Bottom line: This is the first detachable Chromebook, and it sets a high bar for competing devices.
- Lightweight in tablet mode
- Rock solid when used as a laptop
- More than powerful enough for most Chrome OS users
- Better than average battery life
- Gorgeous, vibrant display
- No backlit keyboard
- Only 32GB of internal storage
- Higher-specced options are nowhere to be found
I've been using the HP Chromebook X2 as my main device since June 4, both with my personal account and the G Suite account for my day job. In this time, there has been one software update, but this was a minor bug fix update.
HP Chromebook X2 What's included
Unlike competing devices like the Surface Pro and the iPad Pro, the Chromebook X2 includes everything you need in the box. The keyboard is attached to the screen when you remove it from the box, and the pen is packed in its own plastic packaging. Unscrew the battery housing for the pen, pop in the included AAAA battery, and start using the pen — no pairing required.
Also included is a 45-watt USB-C charger, though the X2 will gladly charge from any USB-PD charger or power bank. With a 45-watt charger, it can go from completely drained to full in about an hour and a half.
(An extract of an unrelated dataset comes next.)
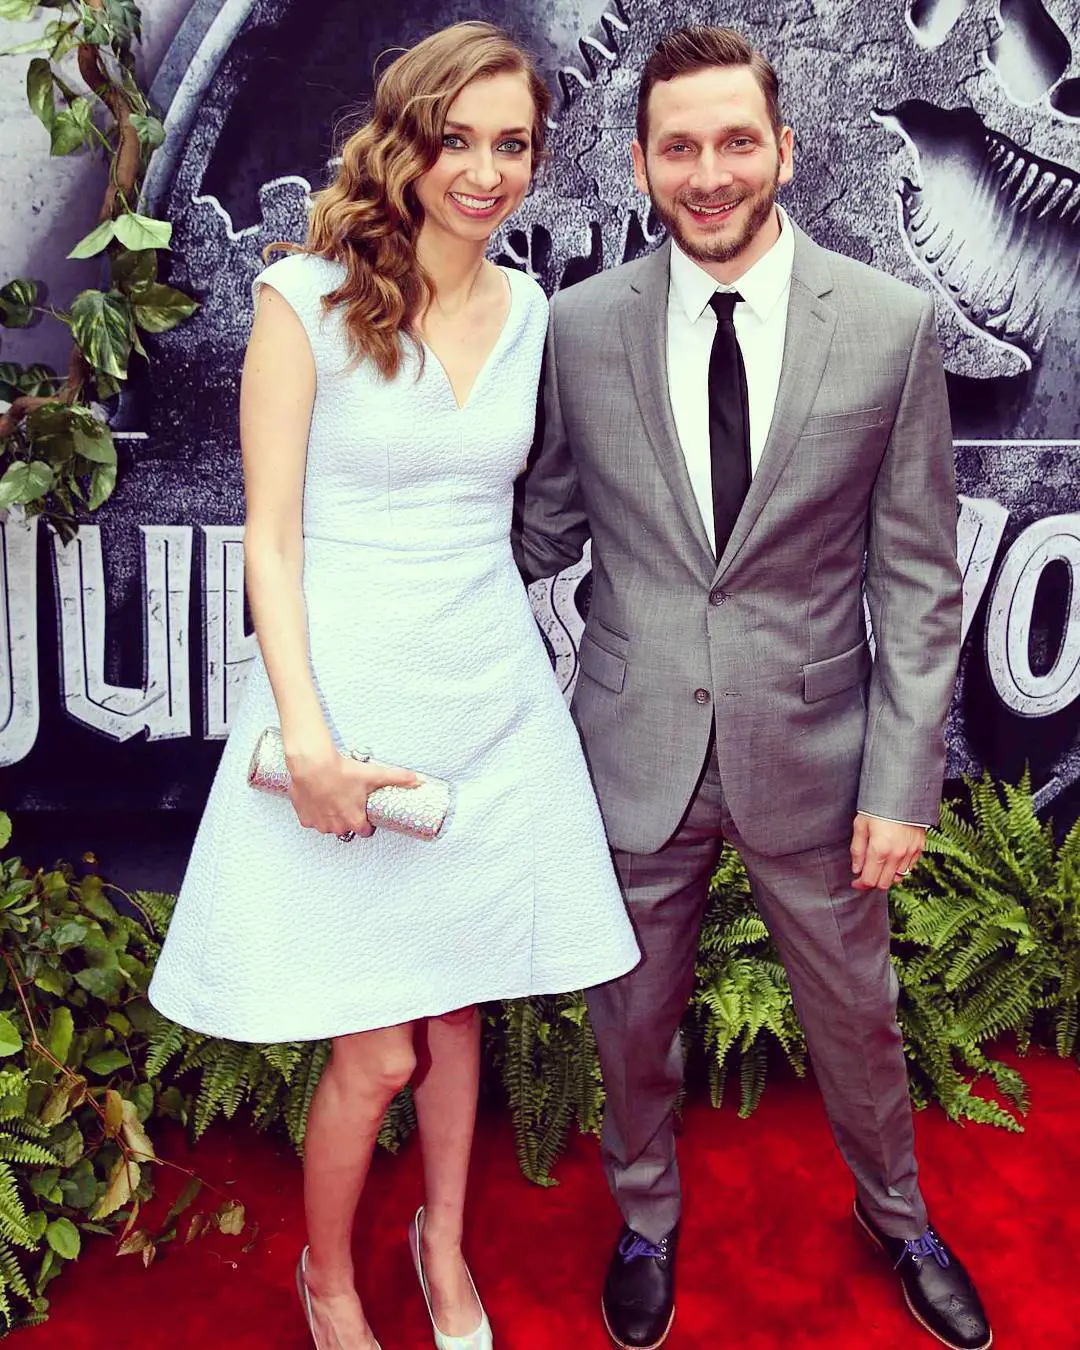 Lauren and Julian at Dolby Theatre during the Jurassic World premiere in 2016
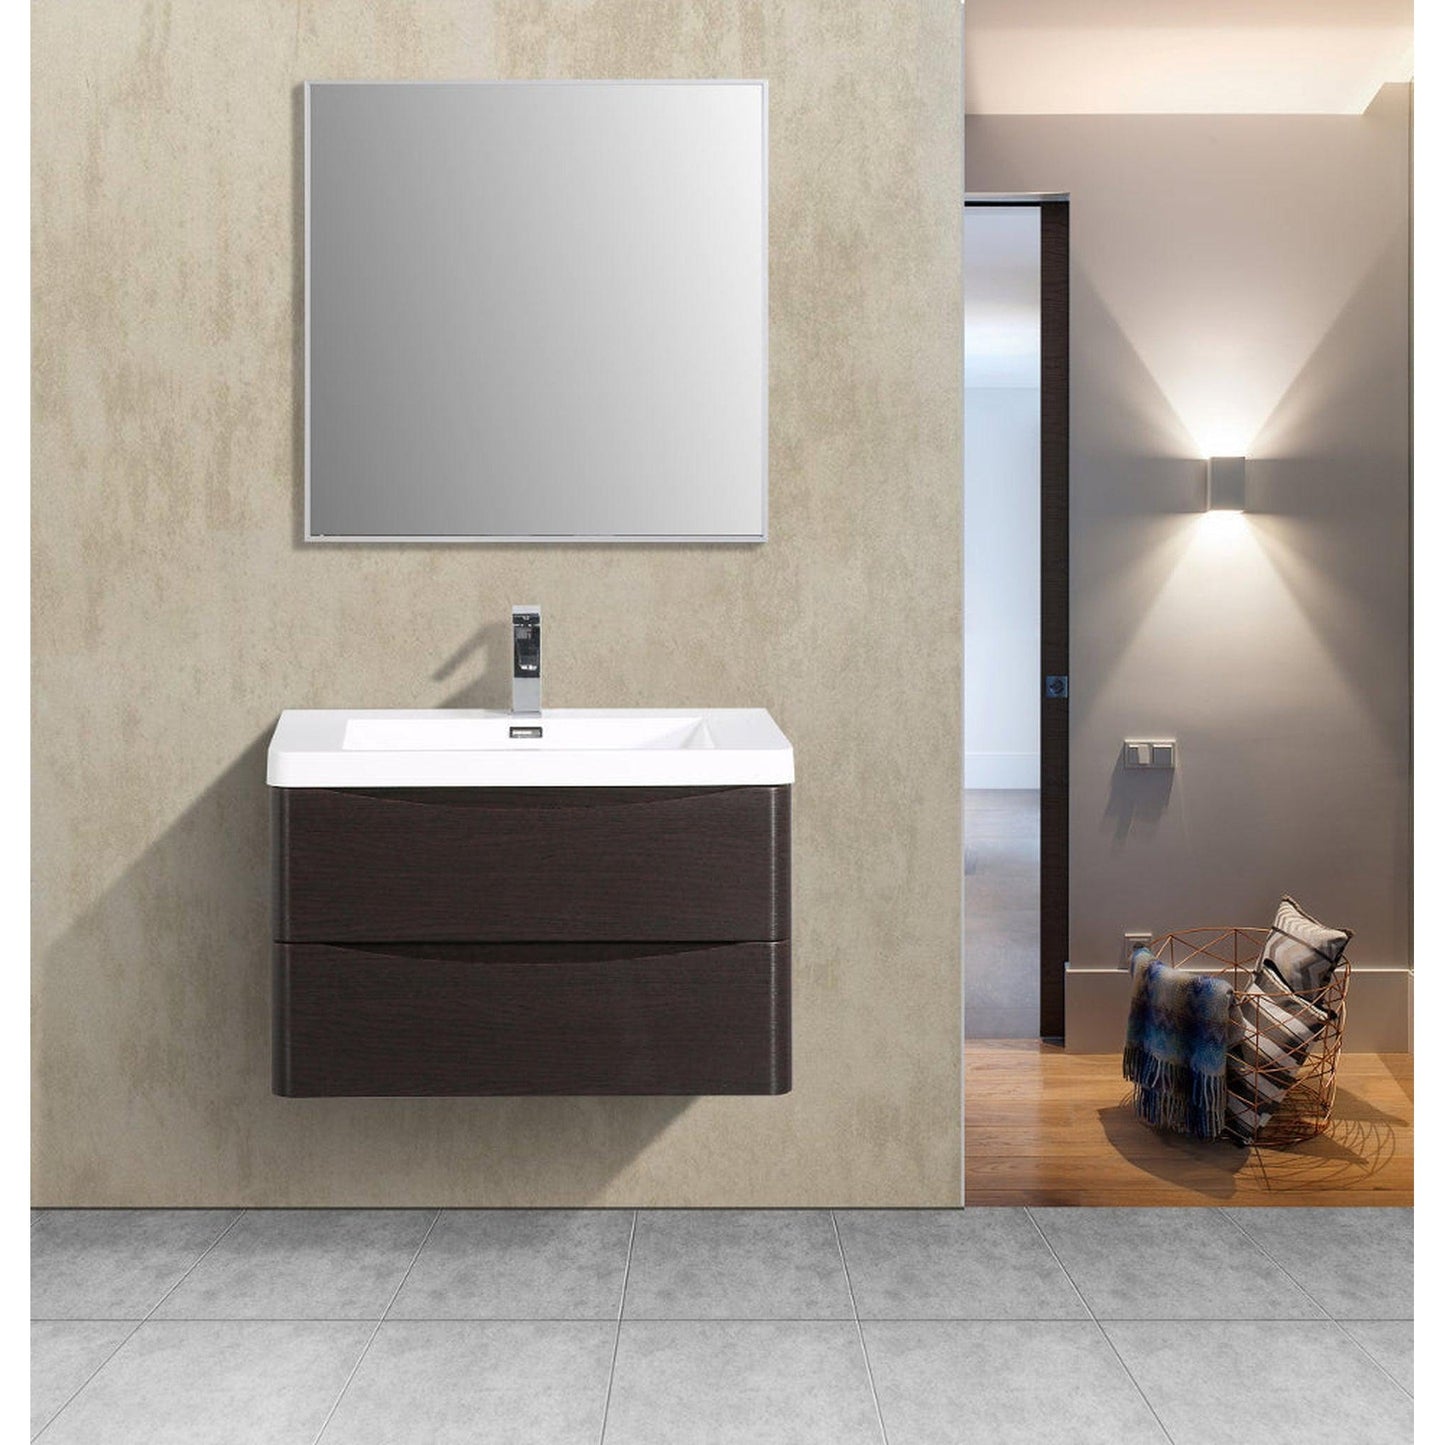 Eviva Smile 30" x 20" Chestnut Wall-Mounted Bathroom Vanity With White Single Integrated Sink

HP Chromebook X2 The insides
The Chromebook X2 is powered by a 7th generation Intel Core m3-7Y30 processor and 4GB of RAM, with 32GB of internal storage. The processor is a fanless, low-power model — perfect for Chromebooks. That storage is expandable via microSD, and you can always hook up a USB-C flash drive for portable storage. Since all of the ports are on the screen portion of the device, it's too thin for USB-A ports. 802.11ac Wi-Fi and Bluetooth 4.2 are here to connect you to the net and your wireless accessories.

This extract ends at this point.